Deaver arrived back from Germany and explained that the visit to a camp was firmly on the schedule. But
Bergen-Belsen suited Kohl better than
Dachau, and he had seen no reason to insist on the latter. Kohl himself called Reagan to confirm the new schedule and to thank the president for his steadfastness. The chancellor was “
quite emotional,” Don Regan wrote in his notes of the call. Reagan appreciated the message and the emotion. “
He told me my remarks about the dead soldiers being the victims of Nazism as the
Jews in the Holocaust were had been well received in Germany,” Reagan commented to himself. “He was emphatic that to cancel the cemetery now would be a disaster in his country and an insult to the German people. I told him I would not cancel.”

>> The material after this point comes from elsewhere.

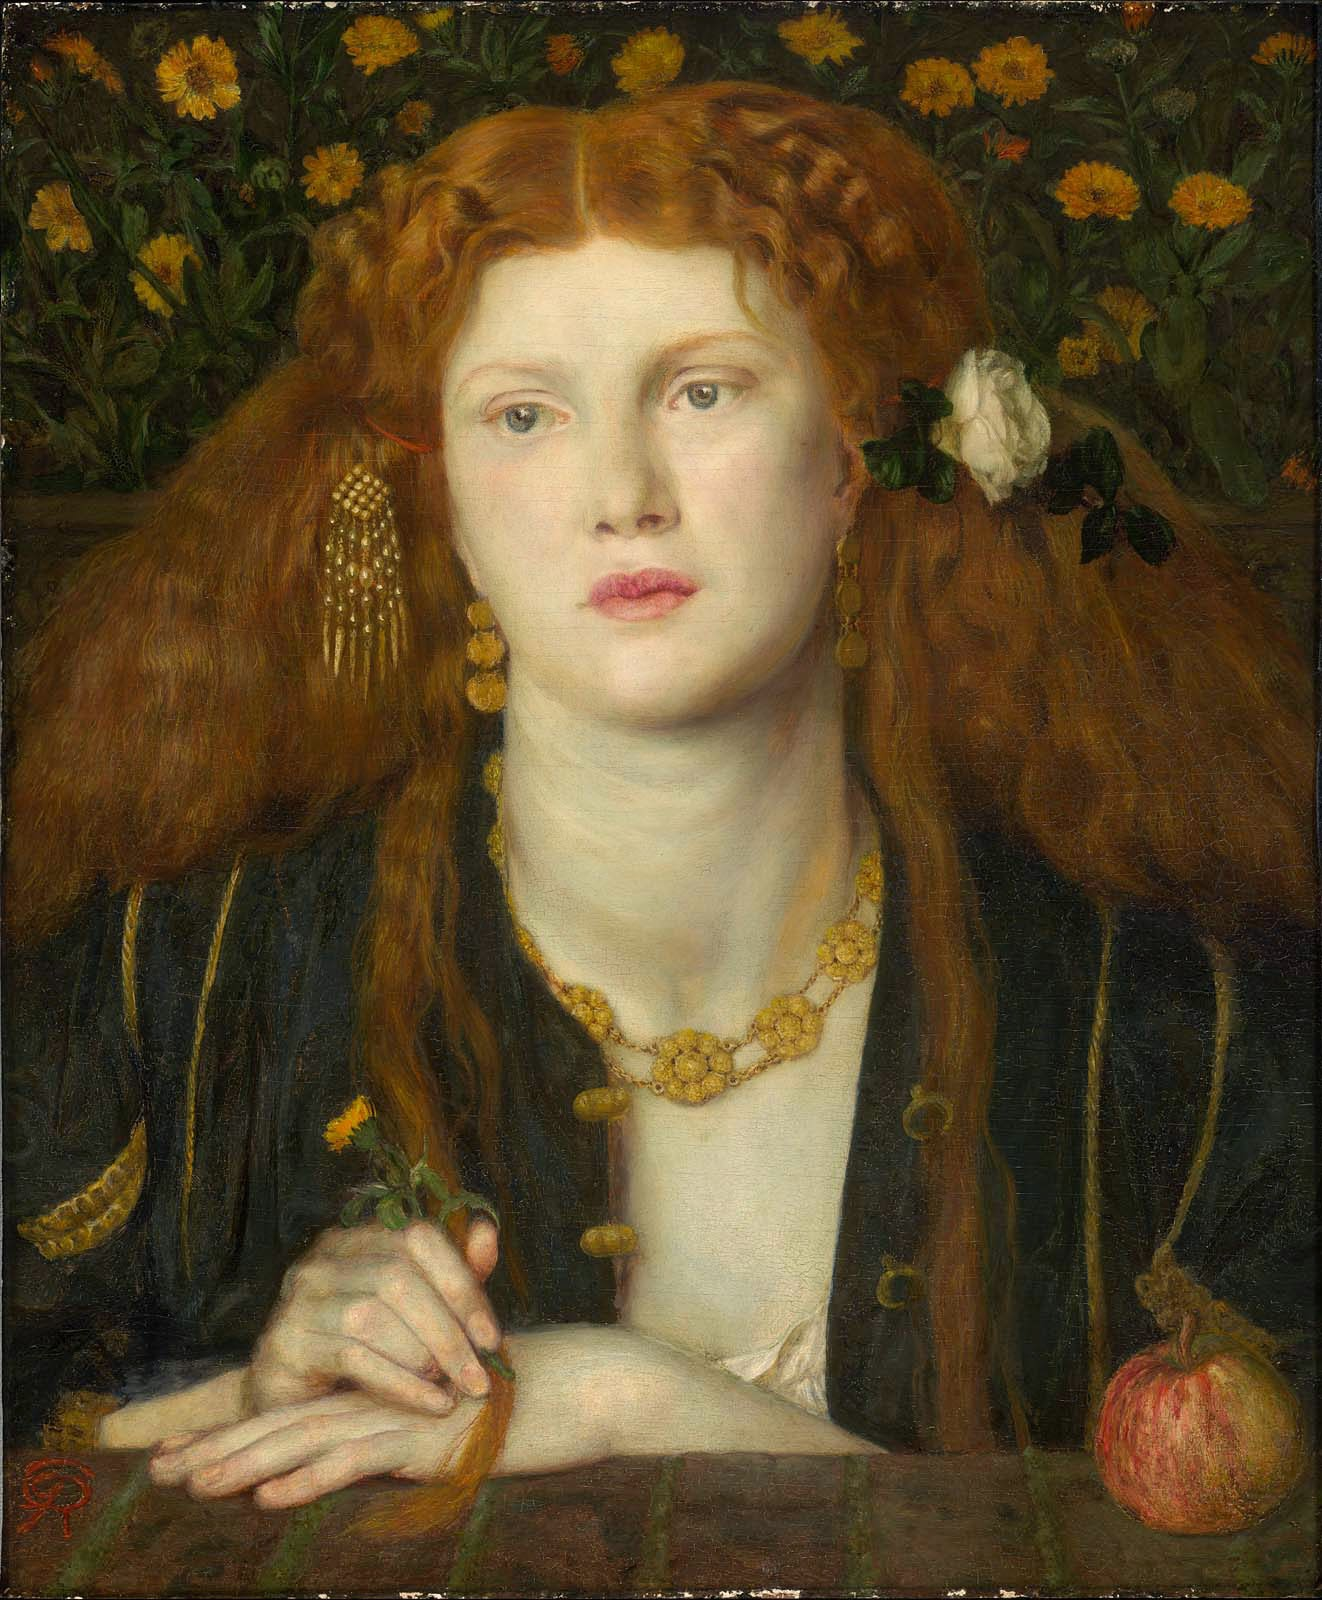 Dante Gabriel Rossetti - Bocca baciata,1859

Reagan received encouragement from closer to home as well. “
I was very
proud
of your stand,” George Bush wrote to him. “If I can help absorb some heat, send me into battle. It’s not easy, but you are
right
!!”

Reagan valued the support, but the criticism was no less important in making him hold his ground. “
The uproar about my trip to Germany and
the Bitburg cemetery was cover stuff in
Newsweek
and
Time
,” he wrote derisively. “They just won’t stop. Well, I’m not going to cancel anything no matter how much the bastards scream.” Forty-eight hours later he wrote, “
Every day seems to begin with the latest press muckraking over whether I should or shouldn’t go to the Bitburg cemetery in Germany. Well, d--n their hides. I think it’s morally right and I’m going.”

T
HE PRESIDENT JOINED
the other G7 leaders in Bonn in early May. Discussions centered on trade and finance. Japan’s
Yasuhiro Nakasone proposed a new round of the trade talks that had been going on recurrently since World War II; he sought to head off protectionism, particularly against exports of Japanese automobiles. France’s Mitterrand pushed for monetary talks to adjust exchange rates, which had hurt the French economy of late. Britain’s Thatcher cemented her mutual admiration pact with the president.

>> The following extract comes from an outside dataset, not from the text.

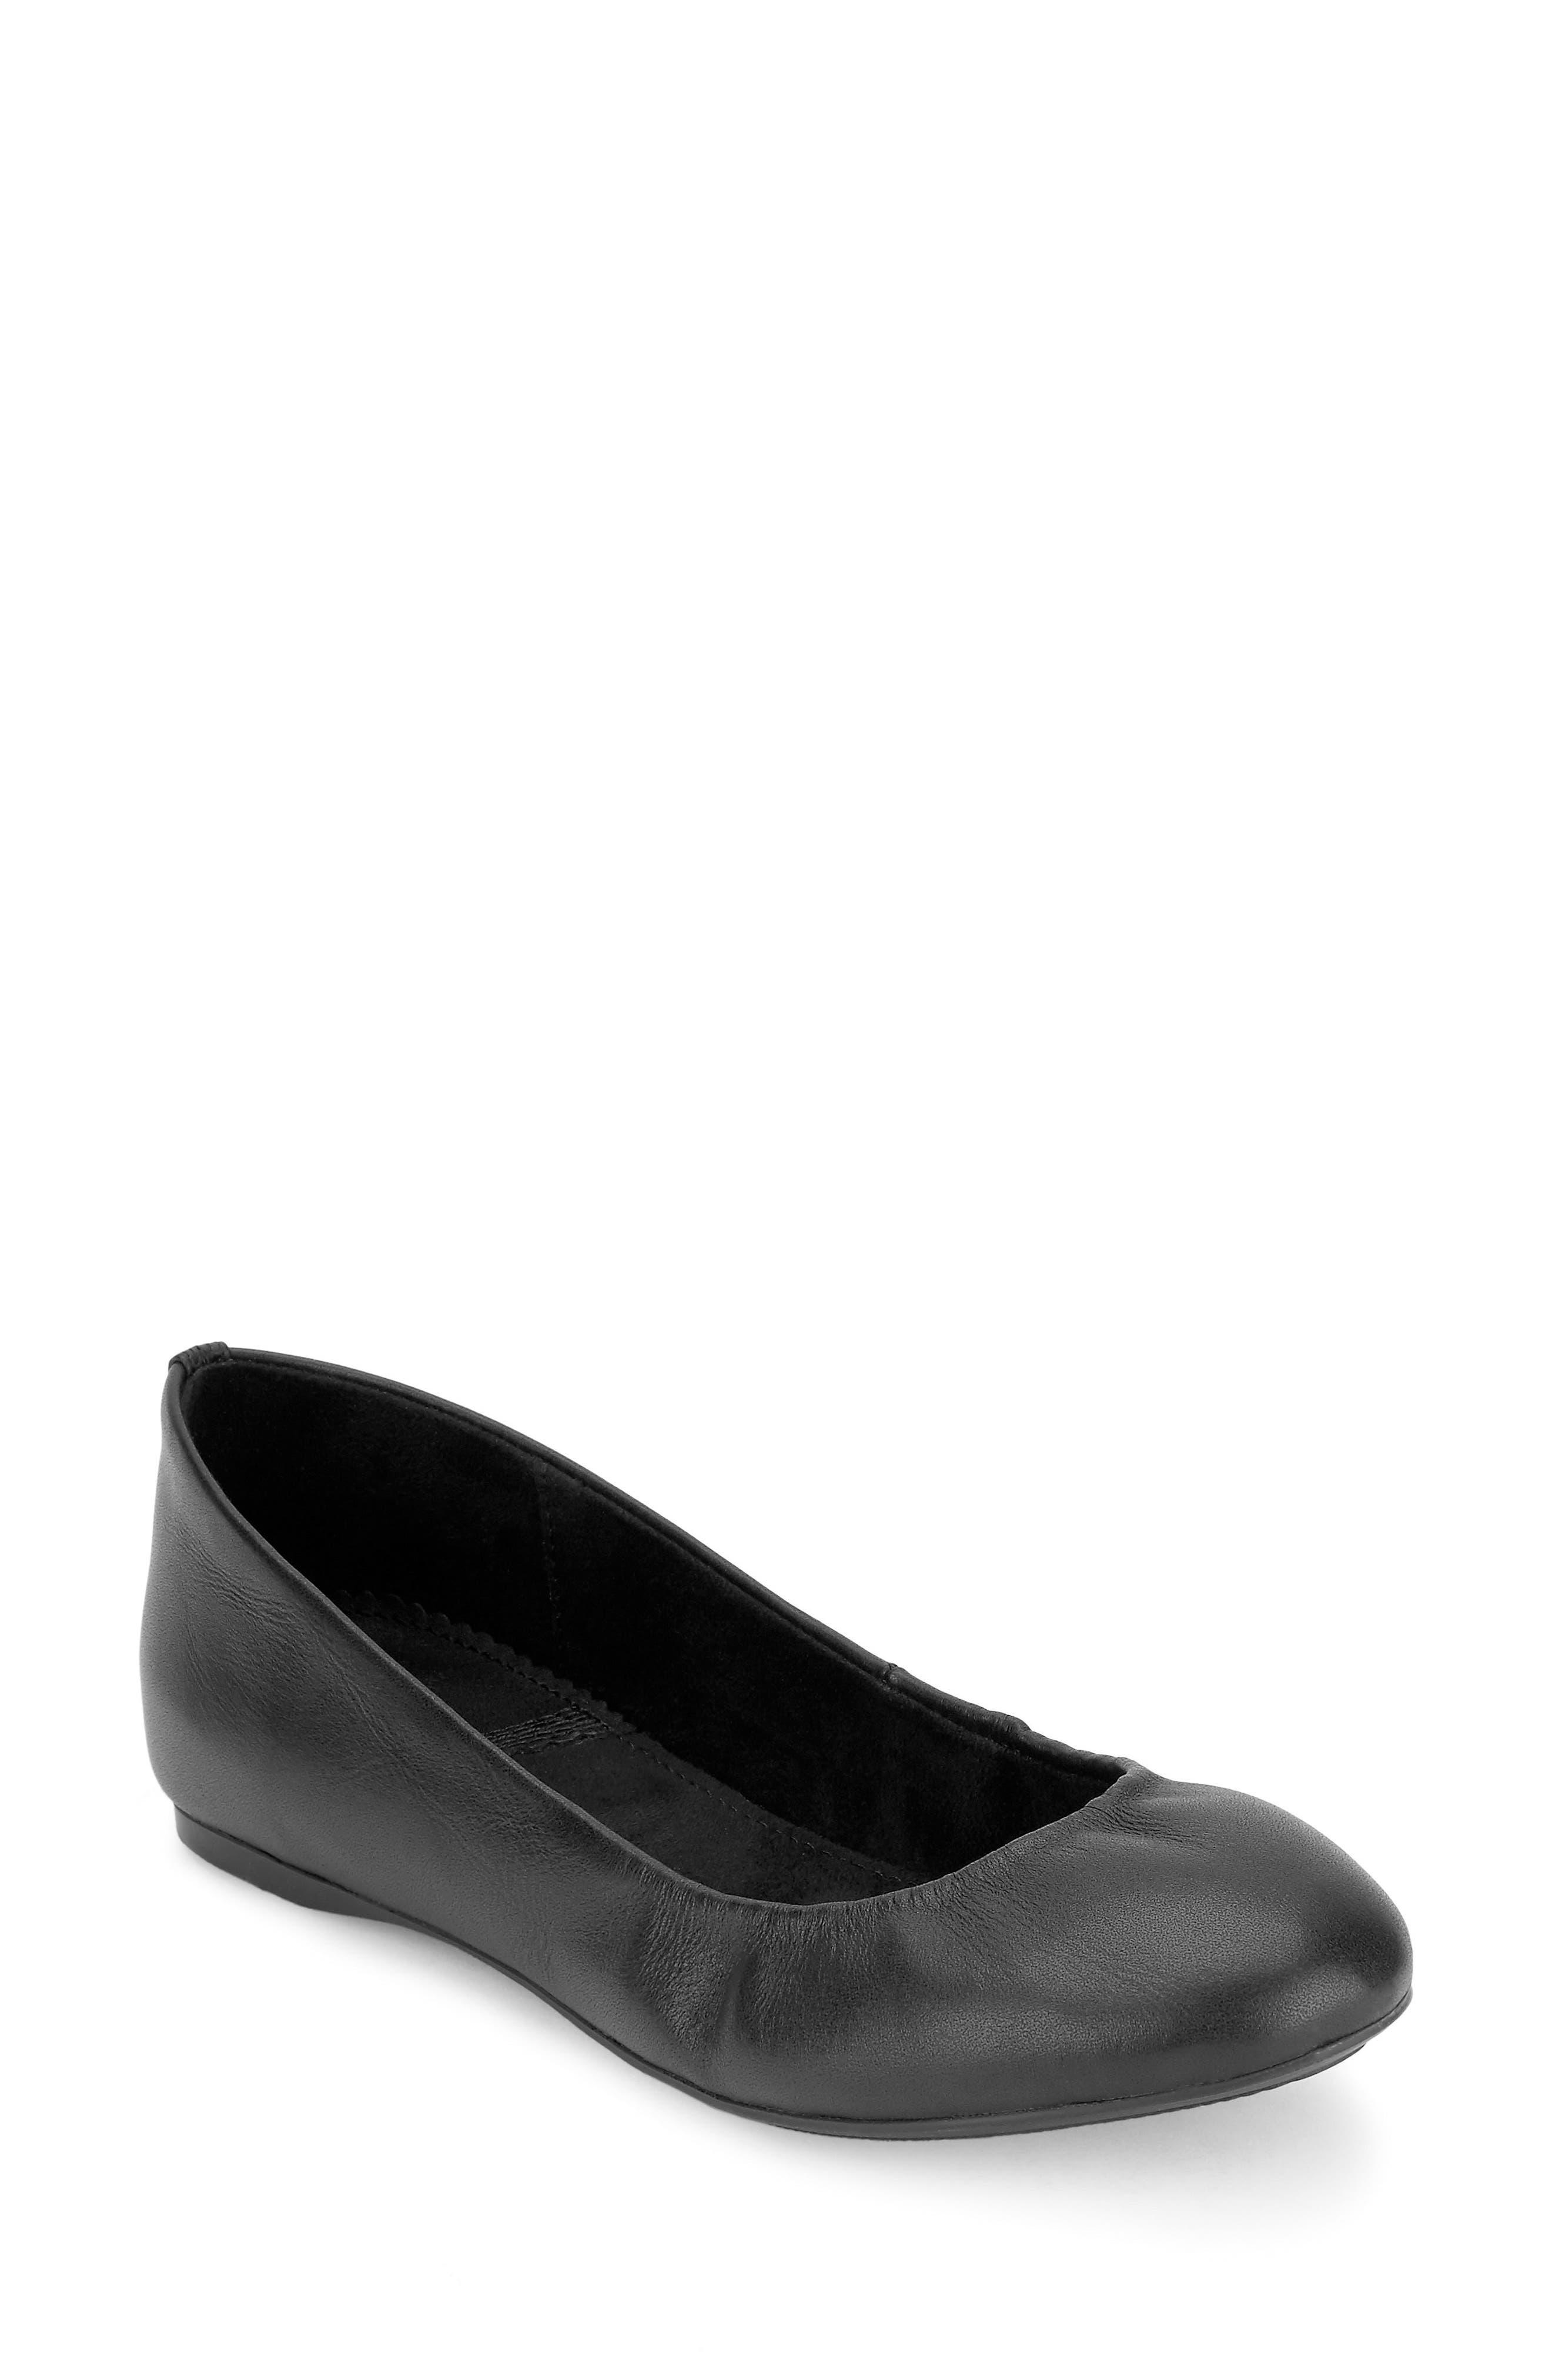 Felicity Ballet Flat,                             Main thumbnail 1, color,

Helmut Kohl spoke with Reagan privately for nearly an hour. Reagan assured him he wasn’t upset by the furor in the media. Kohl was pleased. “
He said I had won the heart of Germany by standing firm on this,” Reagan recorded. The German people confirmed Kohl’s assertion. “
In all our motoring the streets are lined with people clapping, waving, cheering—all I’m sure to let me know they don’t agree with the continuing press sniping about the upcoming visit to Bitburg,” Reagan wrote.

On the morning of May 5, Reagan visited the grave site of
Konrad Adenauer, the founding father of West Germany, in the hills above the Rhine. Nancy Reagan and Mrs. Kohl laid flowers on the grave. The Reagans and the Kohls then boarded Air Force One for a flight to Hanover. A German helicopter carried them to
Bergen-Belsen.

Reagan wasn’t used to speaking to hostile audiences. As California governor he had occasionally encountered hecklers, but as president he was insulated from voiced dissent. On this day, however, the dissenters were fully in evidence. They came from Germany, the United States, Britain, France, Israel, and other countries. They were Christians and Jews, civilians and military veterans, the politically active and the heretofore silent. Guards, and reverence for the dead, kept them out of the camp itself, but they shouted in protest from the borders of the memorial. Obviously referring to Bitburg, they chanted, “
You don’t belong there … We don’t want you to go in there.”

Reagan saw and heard them. He affected unconcern. Asked what he
thought of the protests, he shrugged. “It’s a free country,” he said. But he understood he had one chance to make the situation right, or at least better. A light rain fell from a gray sky as Reagan and Nancy walked beside the mounds of heather that marked the mass graves of those killed at the camp. He stood with bowed head before the obelisk commemorating the victims. He placed a wreath of green ferns at the base of the stone pillar; a ribbon on the wreath read, “The People of the United States of America.”